**** DATASET CONTENT ****

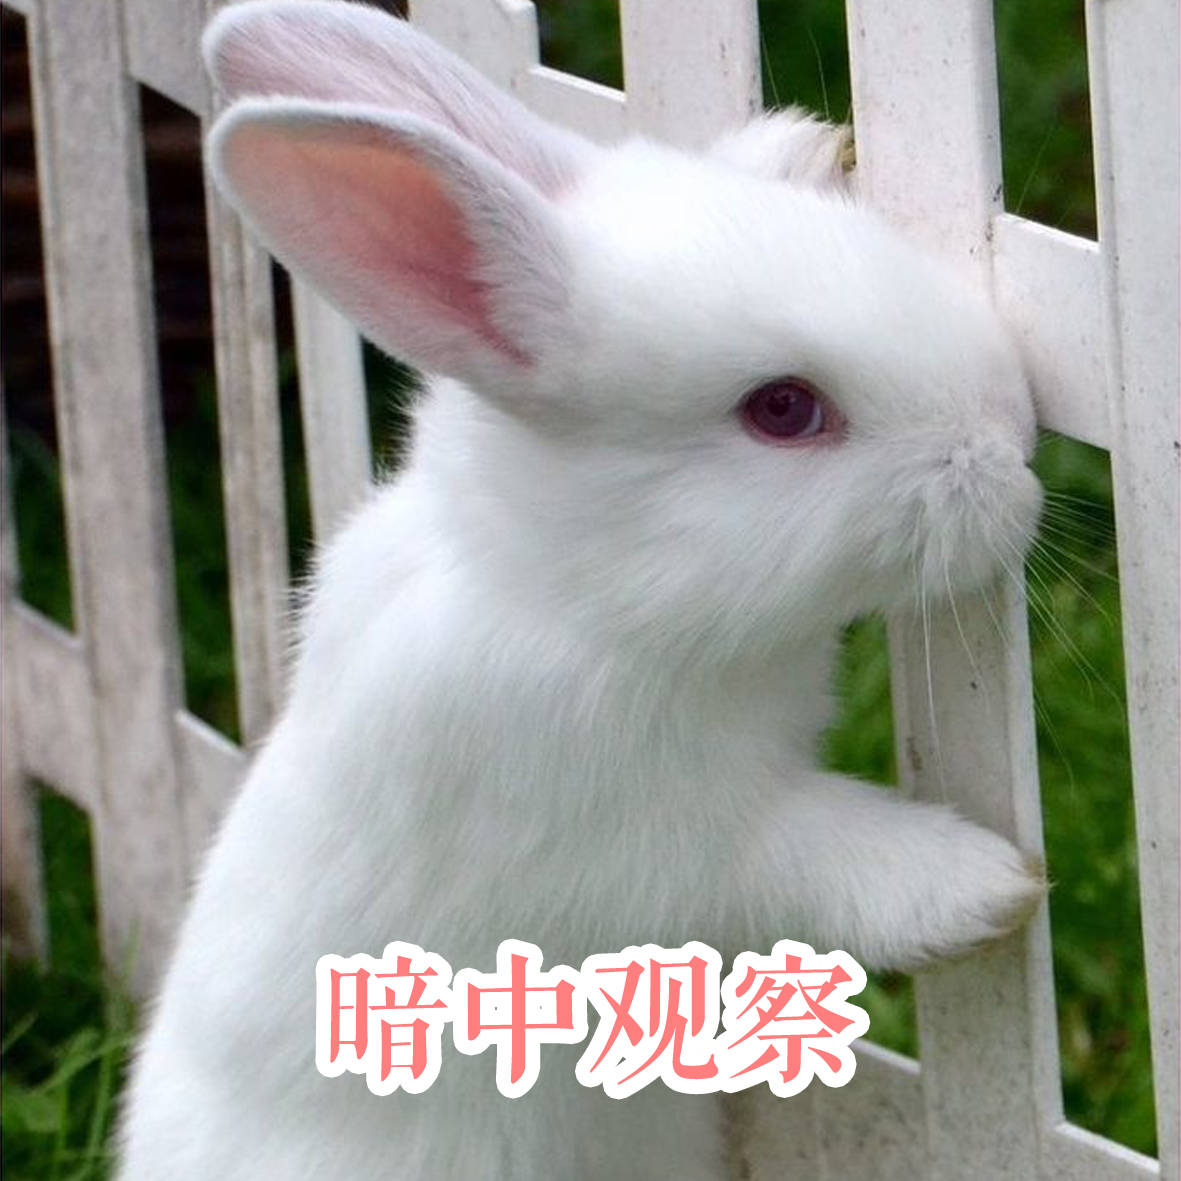 兔子壁纸狗狗狗心得1181_1181放生鸽子动物图片
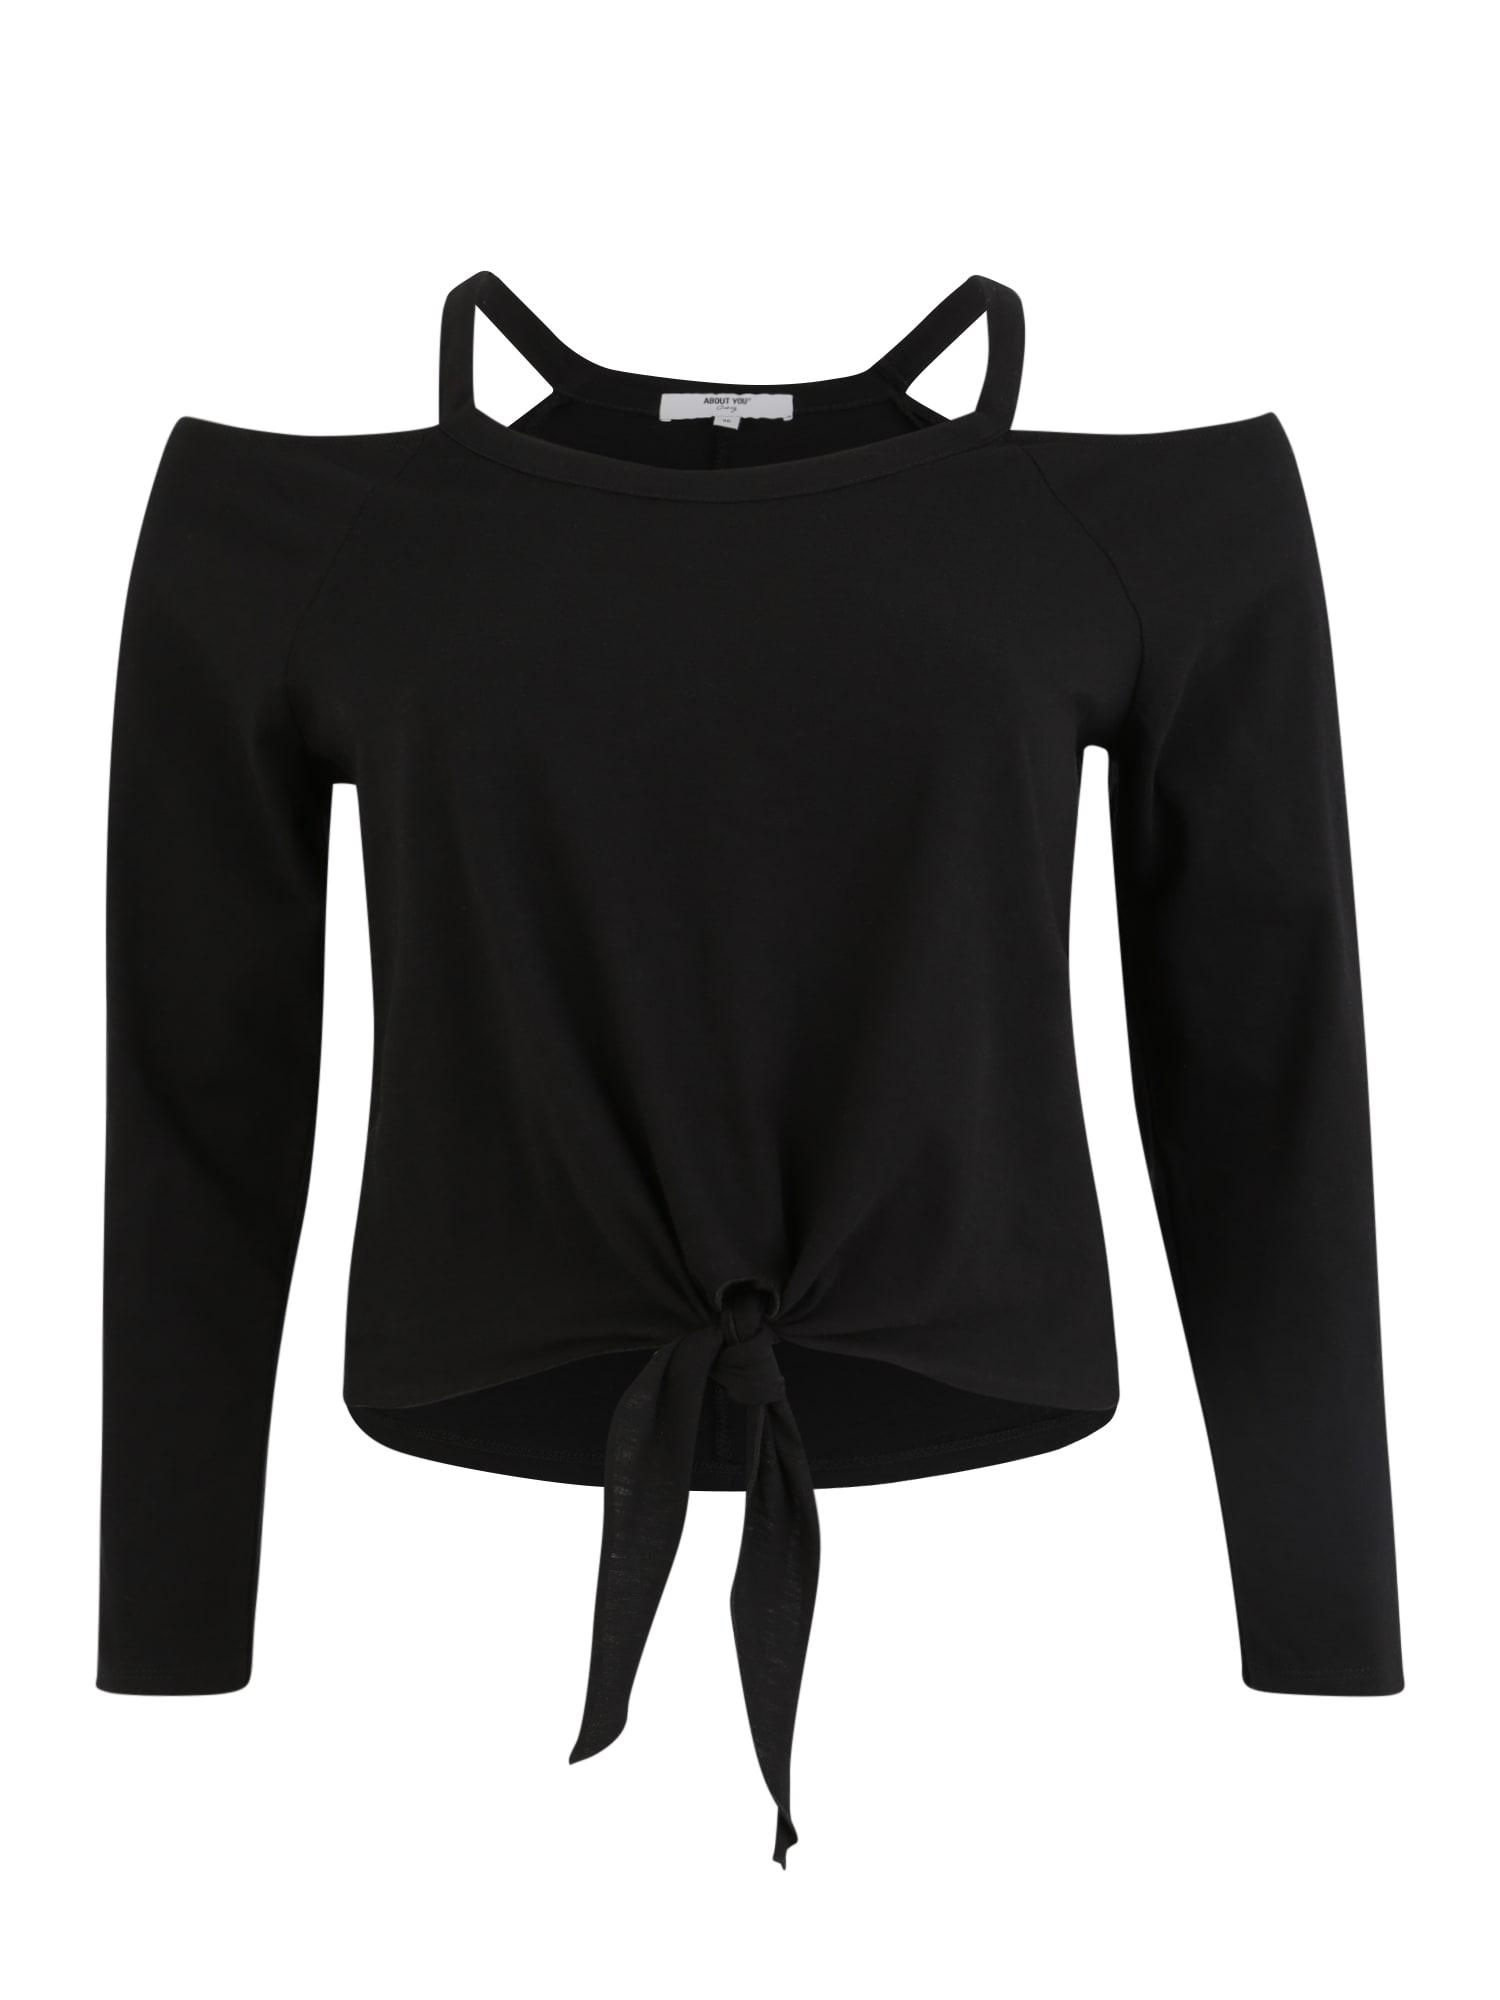 ABOUT YOU Curvy Marškinėliai 'Asya' juoda
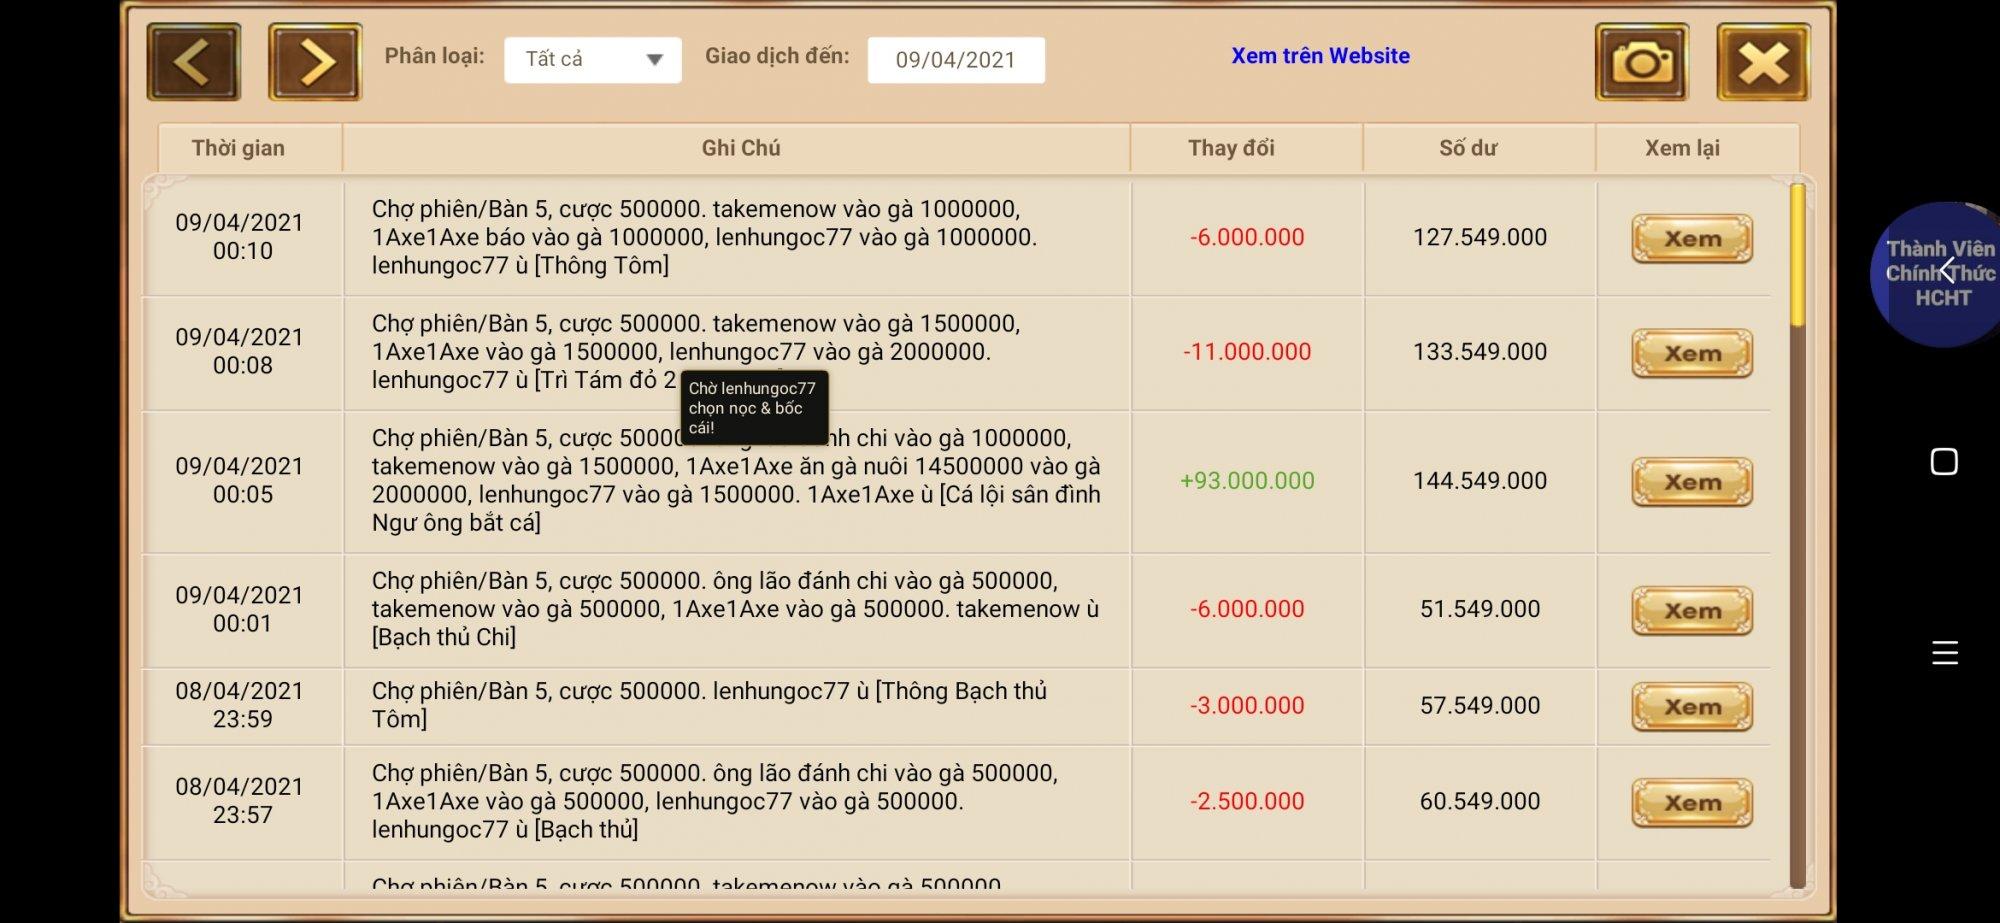 Screenshot_2021-04-09-00-11-06-367_com.thanhpv.chan.

****

> _TASK REQUIREMENTS_
Where pictures sit among the data above, omit them, and output the rest exactly.

> _FINAL ANSWER_
 兔子壁纸狗狗狗心得1181_1181放生鸽子动物图片
 ABOUT YOU Curvy Marškinėliai 'Asya' juoda
 Screenshot_2021-04-09-00-11-06-367_com.thanhpv.chan.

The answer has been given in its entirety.